PROVIDED DATA >>
:::

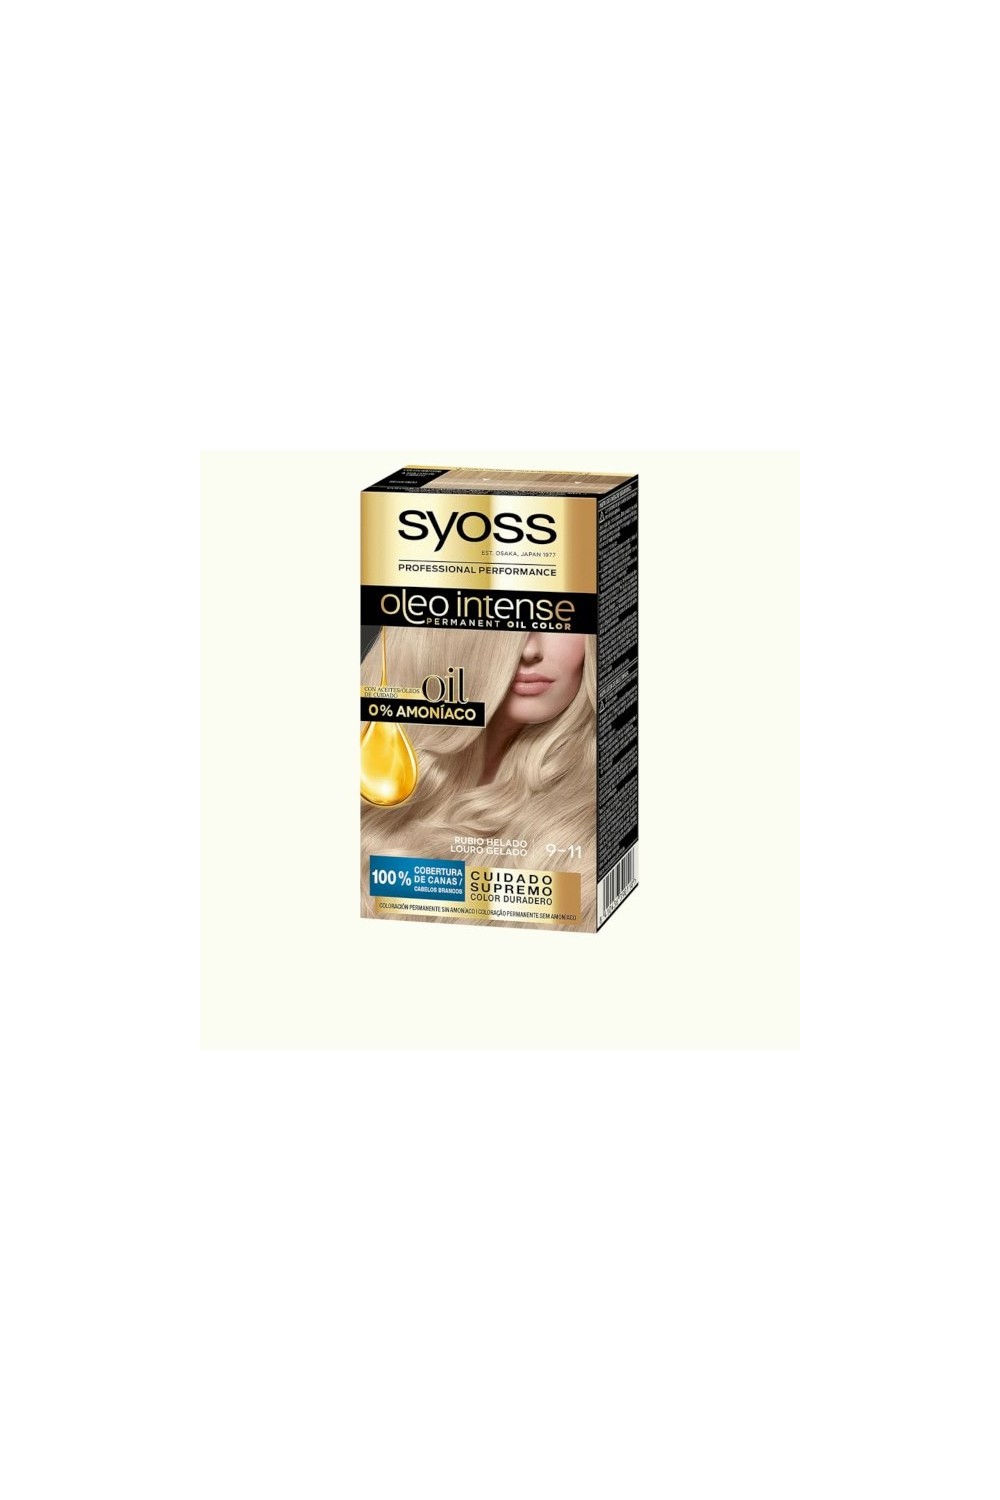 Syoss Oleo Intense Permanent Hair Color 9-11 Icy Blonde
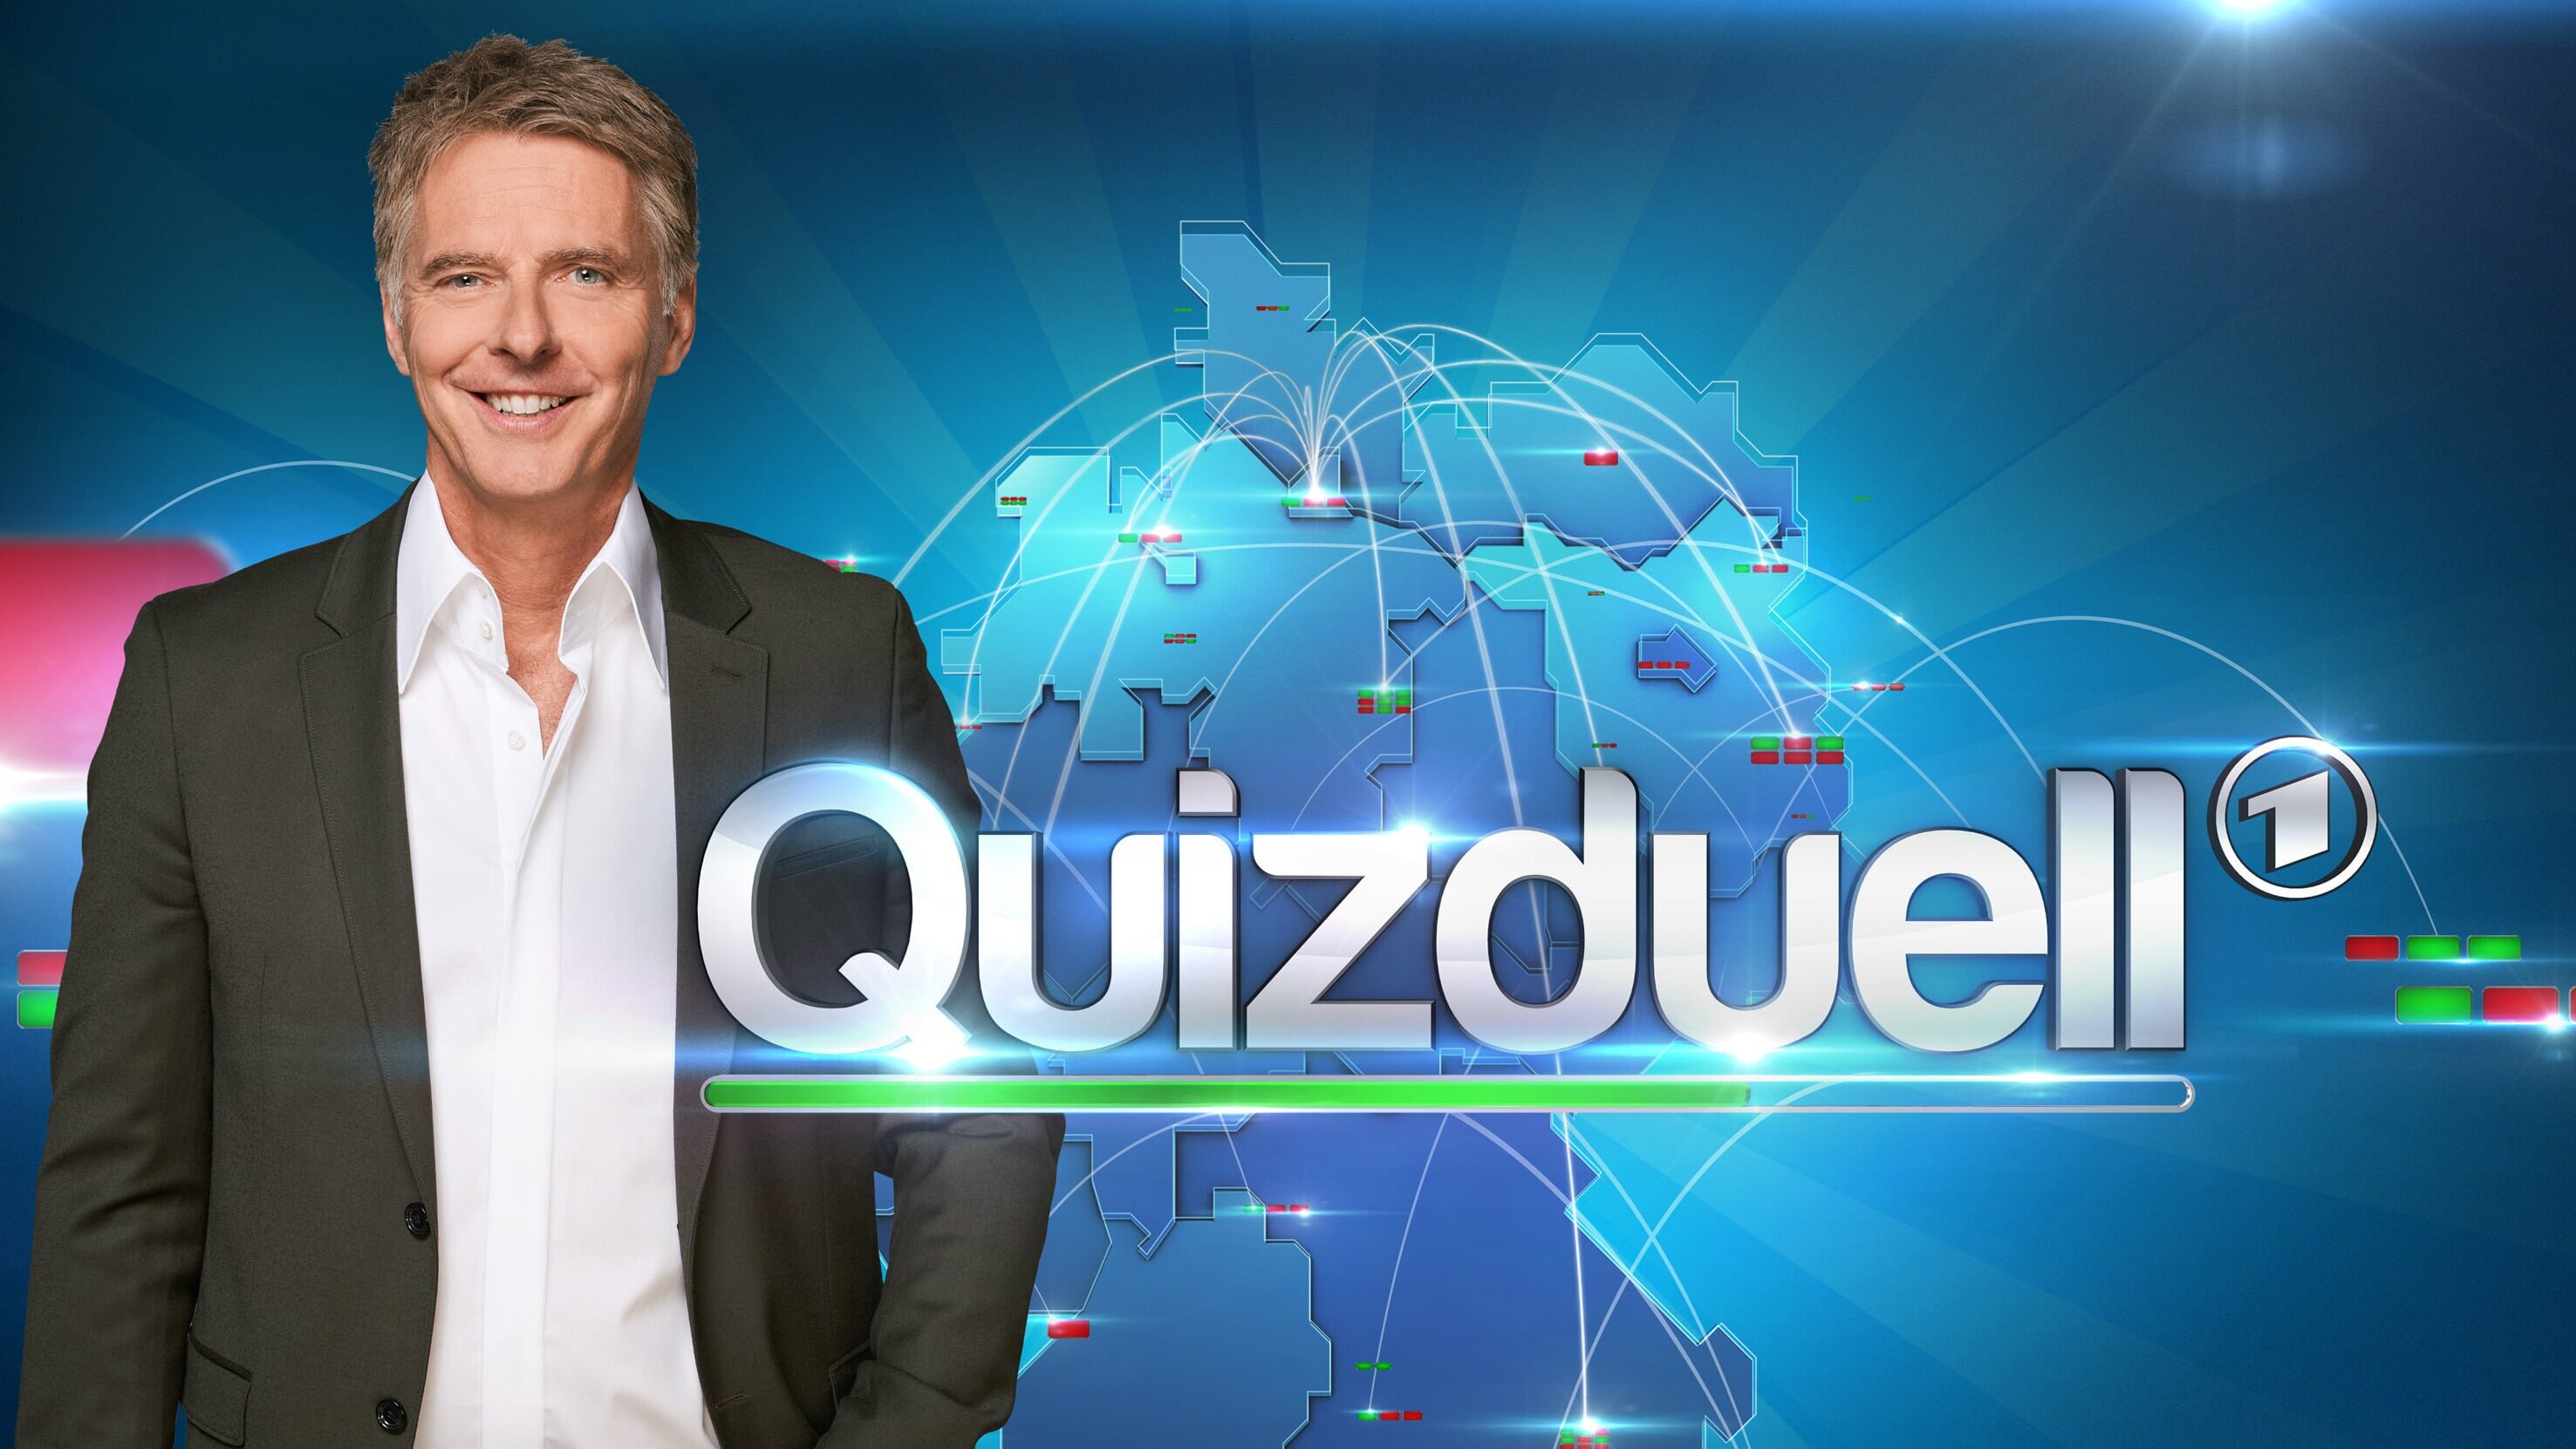 Quizduell – Olymp
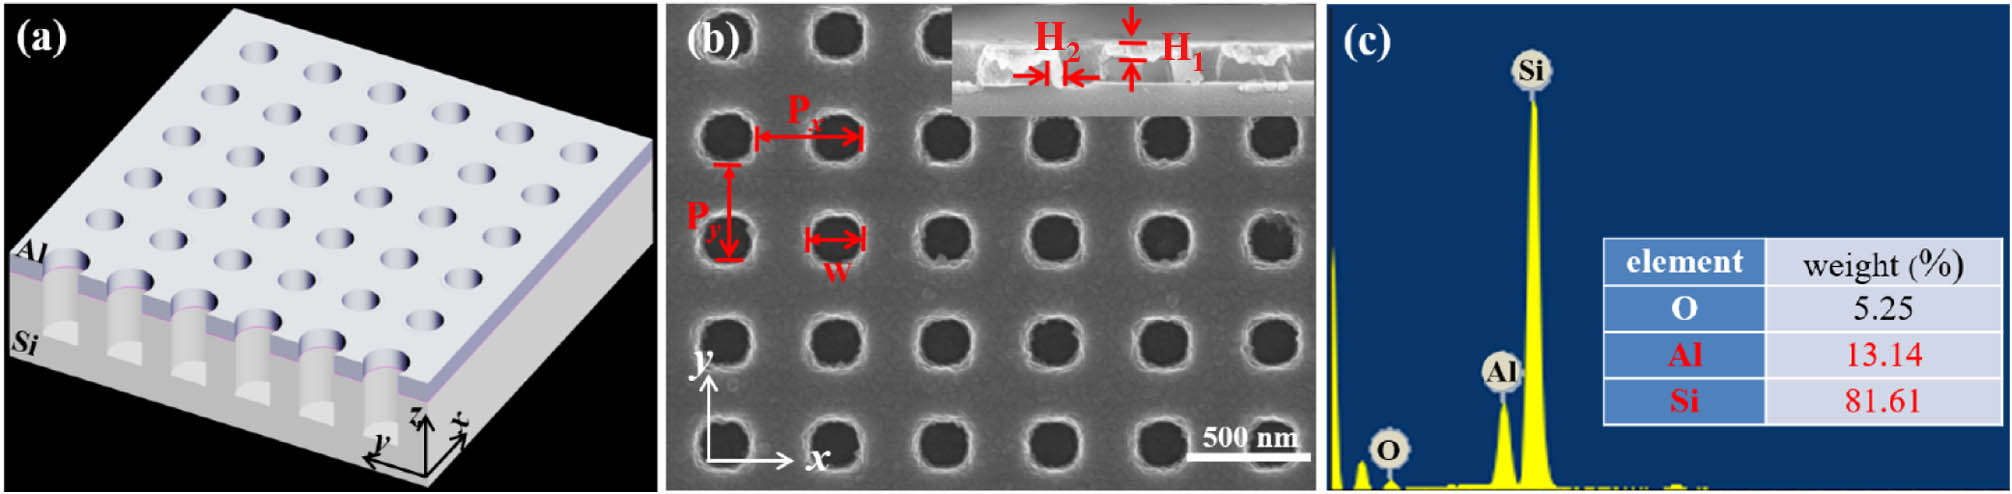 (a) Schematic illustration of the heterostructures. (b) Top-view SEM image of heterostructures, where Px equal to Py denotes the 450 nm period and W the 240 nm width of the nanoholes, H1 the top thickness of 80 nm, and H2 the vertical wall thickness of ∼10 nm. (c) The element components of Al and Si.

:::

PROBLEM >>
Wording must stay exact. Give again the lines from the line with "Quizduell – Olymp" through the last line of the listing, both ends included, without pictures.

RESULT >>
 Quizduell – Olymp
 (a) Schematic illustration of the heterostructures. (b) Top-view SEM image of heterostructures, where Px equal to Py denotes the 450 nm period and W the 240 nm width of the nanoholes, H1 the top thickness of 80 nm, and H2 the vertical wall thickness of ∼10 nm. (c) The element components of Al and Si.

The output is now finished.